=== WHAT TO DO ===
Quote the listing in full, exactly as given, minus any pictures.

=== SUPPLIED DATA ===
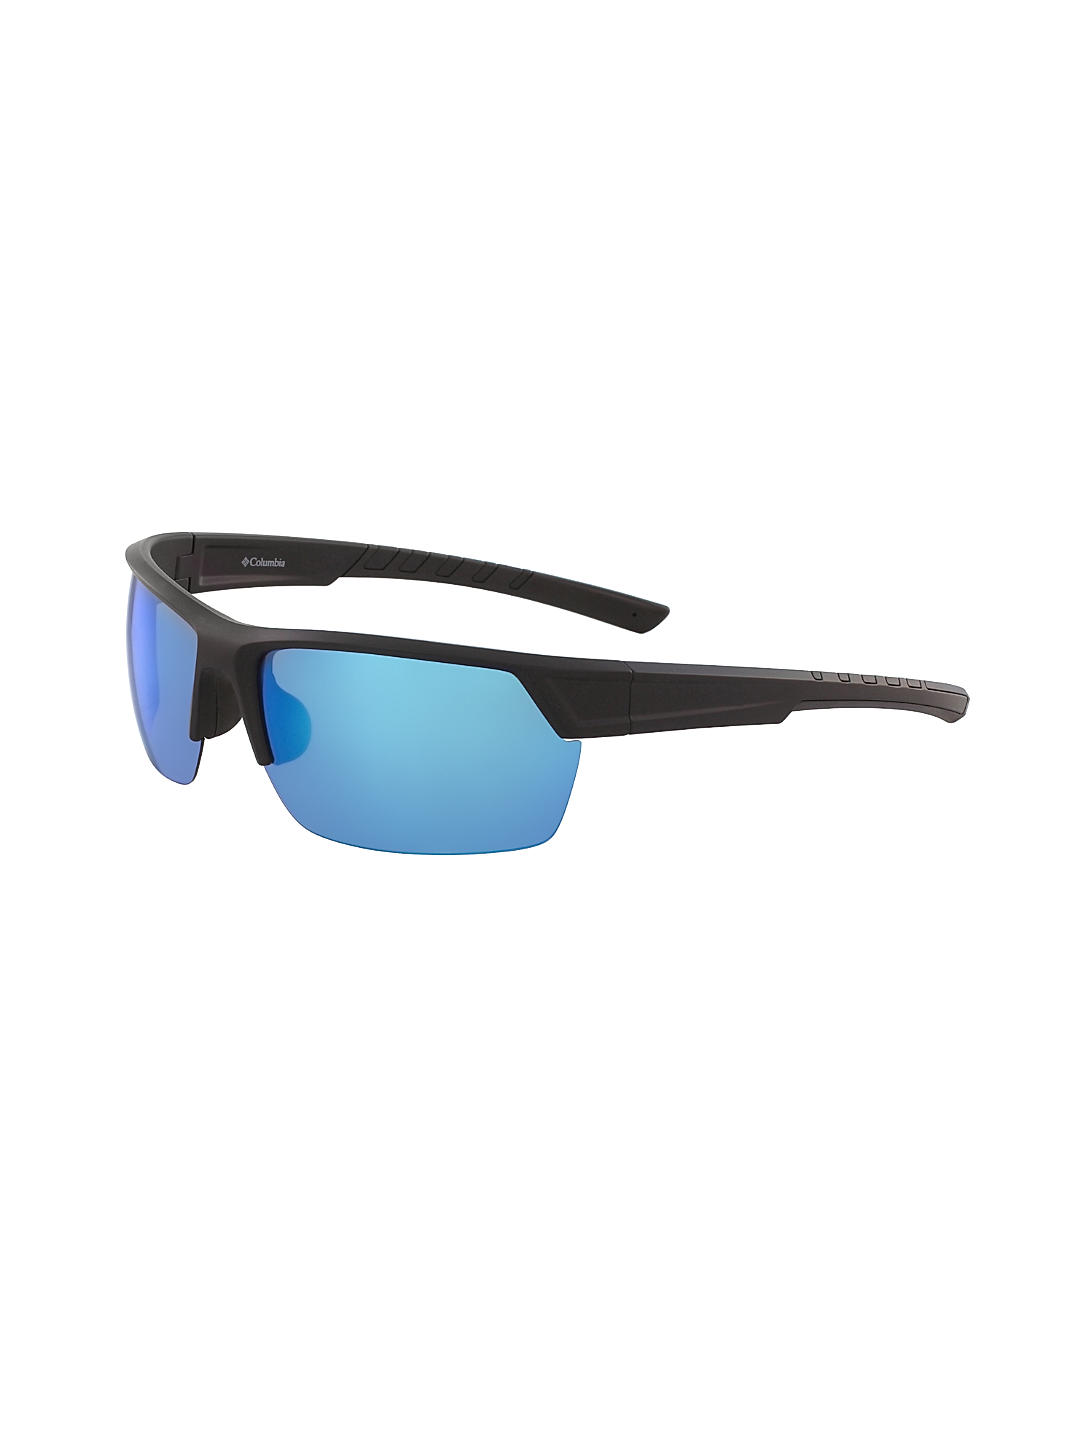 Buy Black Peak Racer Sunglasses for Men Online at Columbia
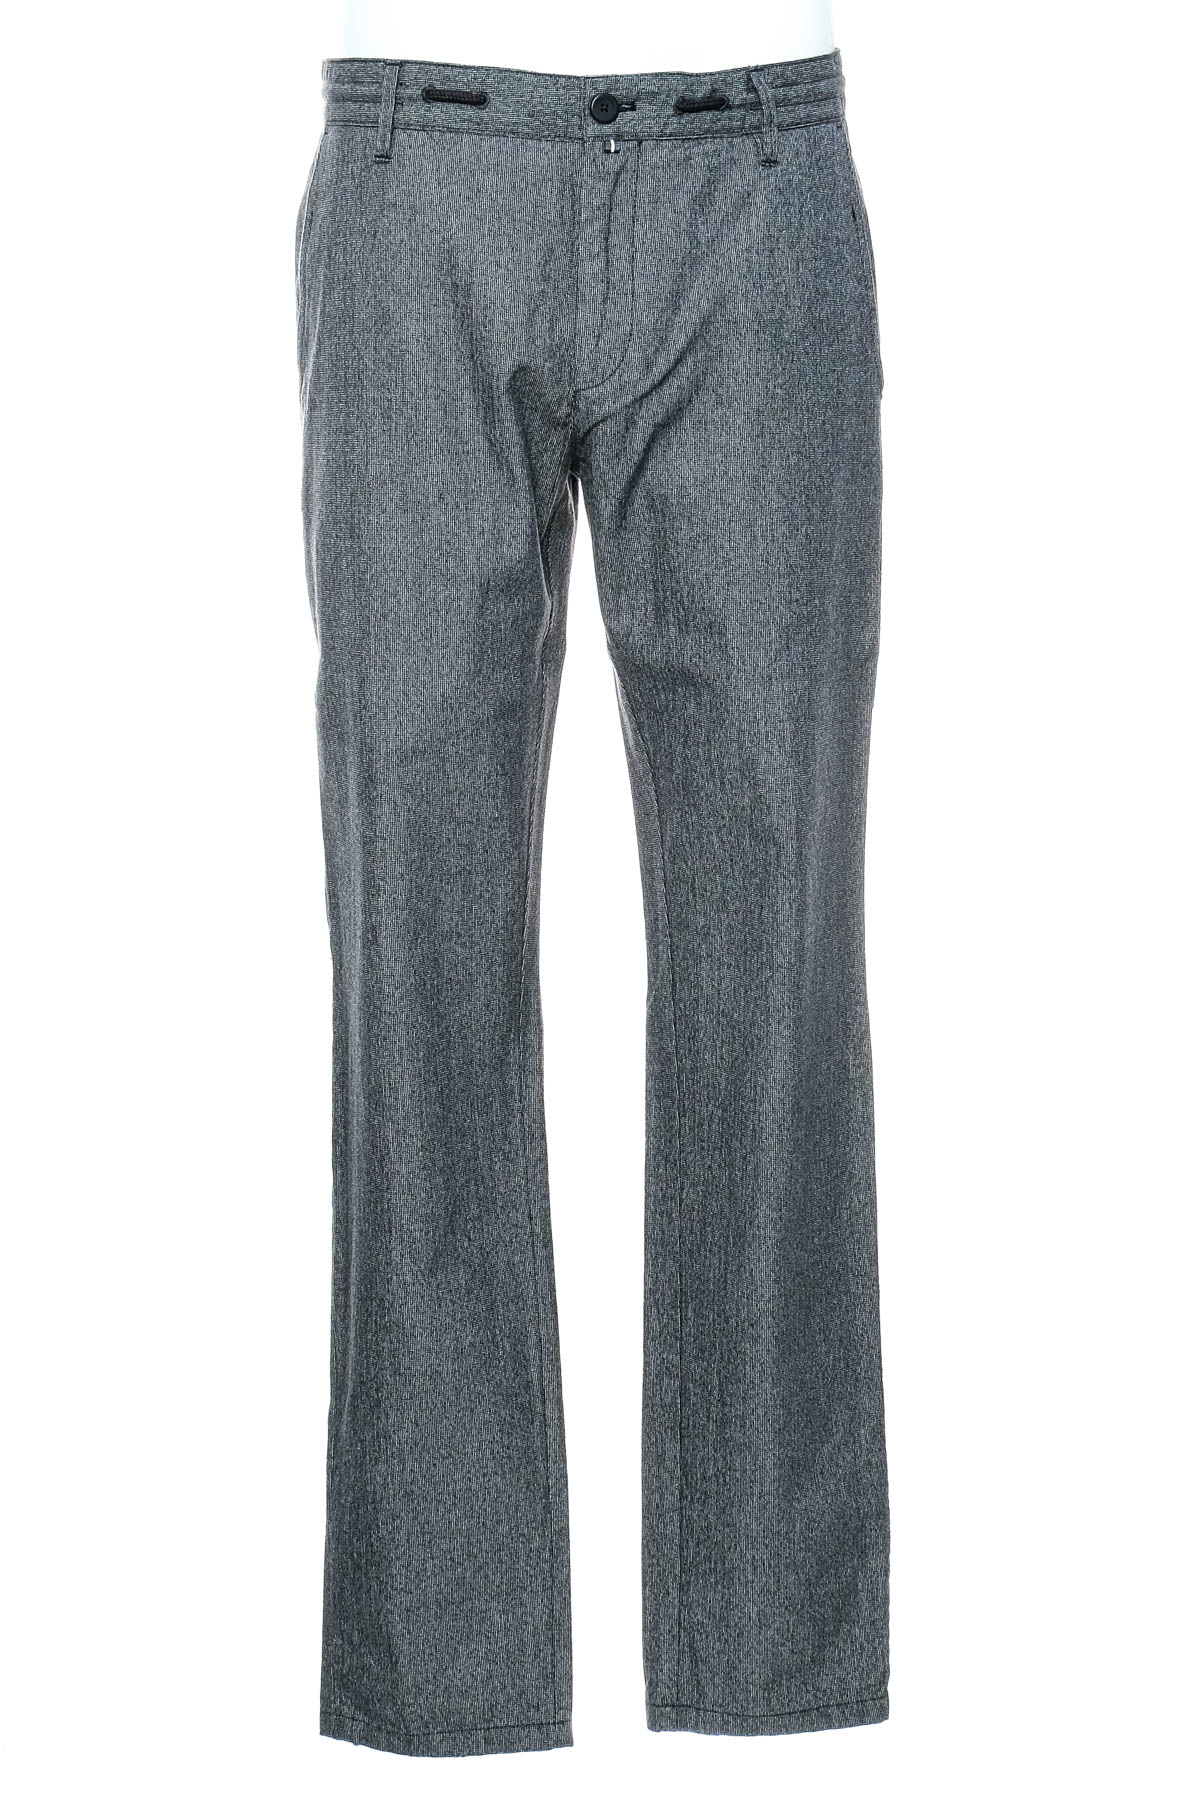 Pantalon pentru bărbați - Marc O' Polo - 0
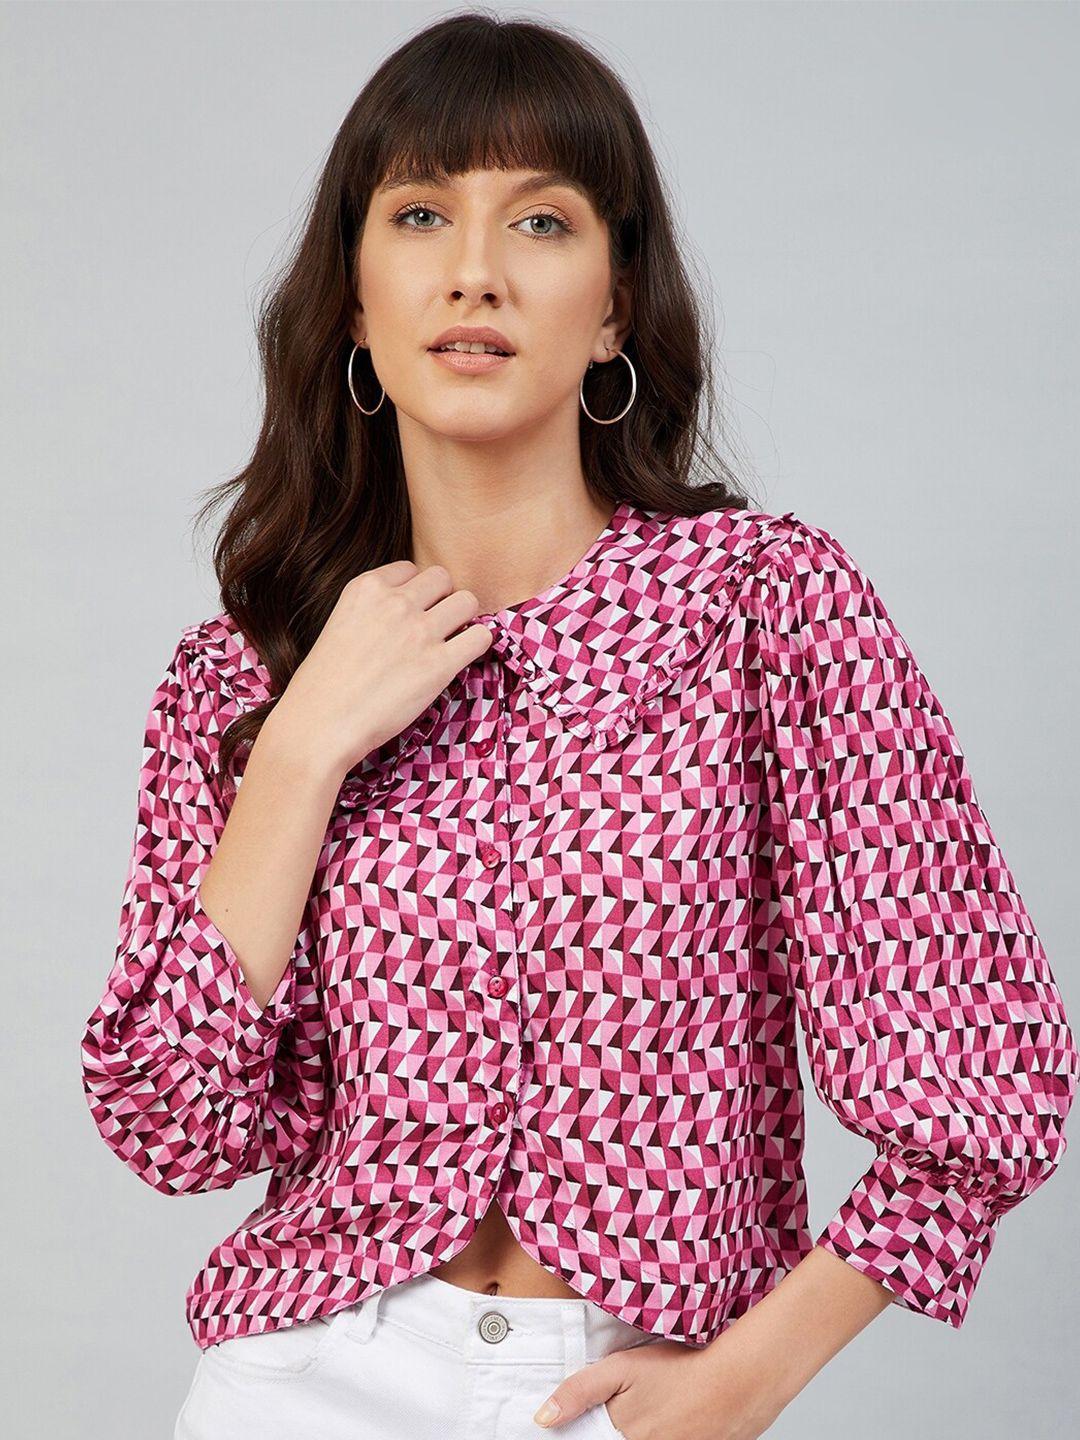 carlton-london-women-multicoloured-geometric-shirt-style-crop-top

=== THE COMPLETED TASK ===
 Buy Black Peak Racer Sunglasses for Men Online at Columbia
 Pantalon pentru bărbați - Marc O' Polo - 0
 carlton-london-women-multicoloured-geometric-shirt-style-crop-top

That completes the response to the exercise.